Calmy-Rey rezitiert Mani Matter

Rhetorik.ch Artikel zum Thema:


Das Problemdossier unserer Aussenministerin Michelin Calmy-Rey ist derzeit recht gross: Ende Juni hätte sie den Europa Bericht vorlegen sollen. Dann ist das das brisante Libyen-Dossier. Eine ständerätliche Subkommission der GPK arbeitet an einem Bericht, der die Öffentlichkeit über die Aktionen des Bundesrates aufklären soll. Vor allem der Vorwurf, Calmy-Rey habe den Bundesrat nicht über eine angebliche geplante Befreiunsaktion der Geiseln orientiert, belastet die Bundesrsätin.
Dene wos guet geit

Dene wos gute geit, giengs besser,
giengs dände besser,
wo's weniger guet geit.
Was aber nid geit,
ohni dass dene
weniger guet geit,
wos guet geit.
Drum geit weni,
für dass es dene
besser geit,
wos weniger guet geit.
Und drum geits o
dene nid besser,
wo's guet geit.  
Die Aussenministerin hat im "Donnerstag-Jass" vom Schweizer Fernsehen ihre Begabung als zum Berndeutsch Sprechen zur Schau gestellt und die Umverteilungshymne "Dene wos goet geit" von Mani Matter gelesen.

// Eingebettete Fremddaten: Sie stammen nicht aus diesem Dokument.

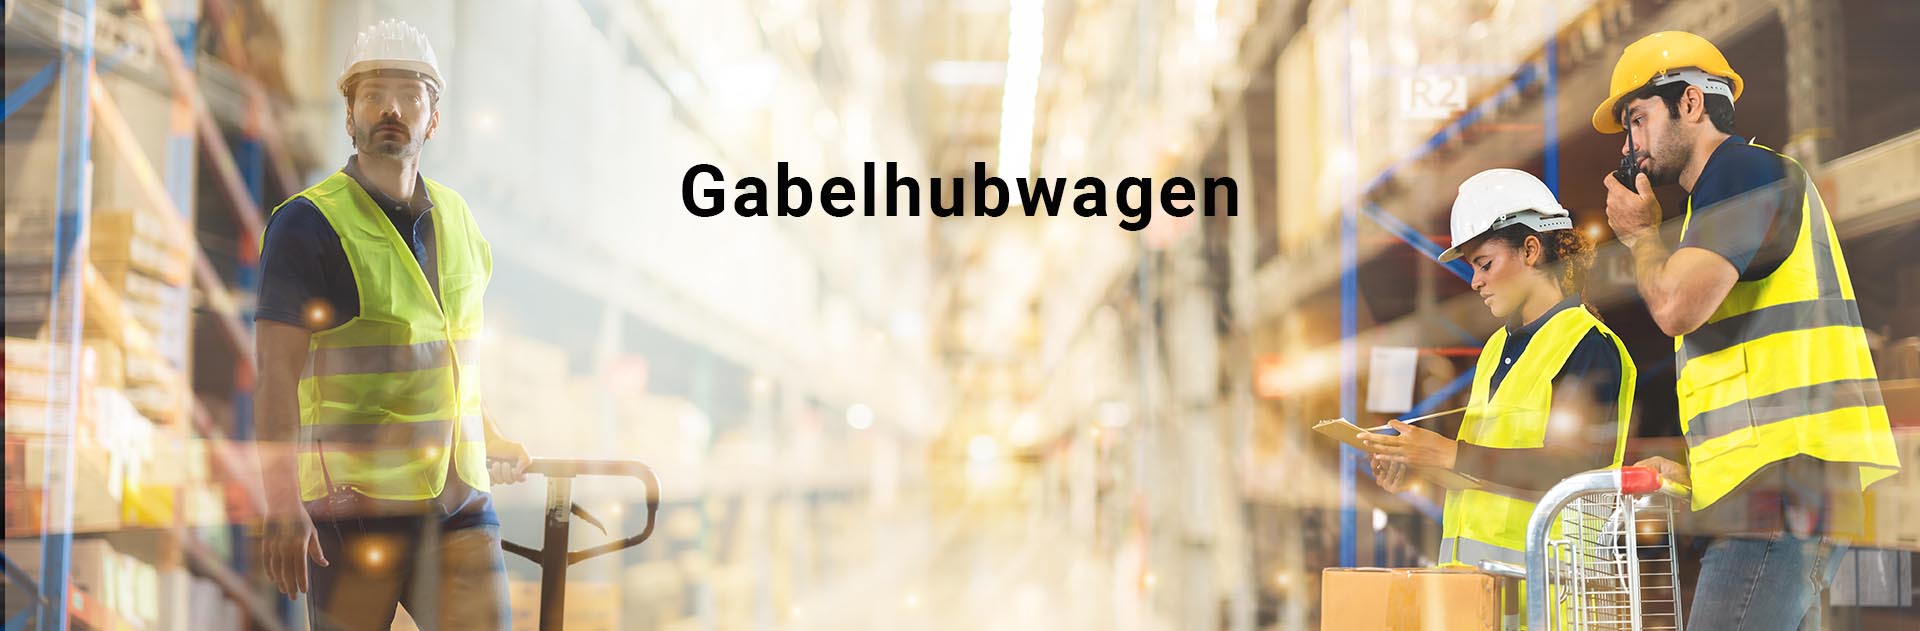 Gabelhubwagen_Header_AdobeStock_491433956

Mit dem Vers konnte sie eine zur SP passende Botschaft vor einem grossen Publikum vermittln. Im Parlament kam nach "So Blick" die Strategie nicht überall gut an: Nationalrätin Markwalder stellte die Frage, ob die Bundesrätin, angesichts der hängigen politischen Probleme fähig ist, die Prioritäten richtig zu setzen. Nationalrat Christoph Mörgeli verglich die Aussenministerin gar mit Zarah Leander, die während der Nazi Diktatur, Durchhaltelieder zum Besten gab. (Mörgeli selbst ist in Sachen "Unangebrachte Nazi Vergleichen" offensichtlich ein gebranntes Kind, denn er wurde zum "Scherz" vom damaligen Bundesrat Couchepin einmal mit Mengele in Verbindung gebracht.)

Schon beim letzten Auftritt hatte man das Gefühl, dass sich die Bundesrätin all zu oft vom Virus "Mediengeilheit" anstecken liess. Immerhin vermittelt die Politikerin beim kommenden Auftritt mit dem Lied eine politische Botschaft.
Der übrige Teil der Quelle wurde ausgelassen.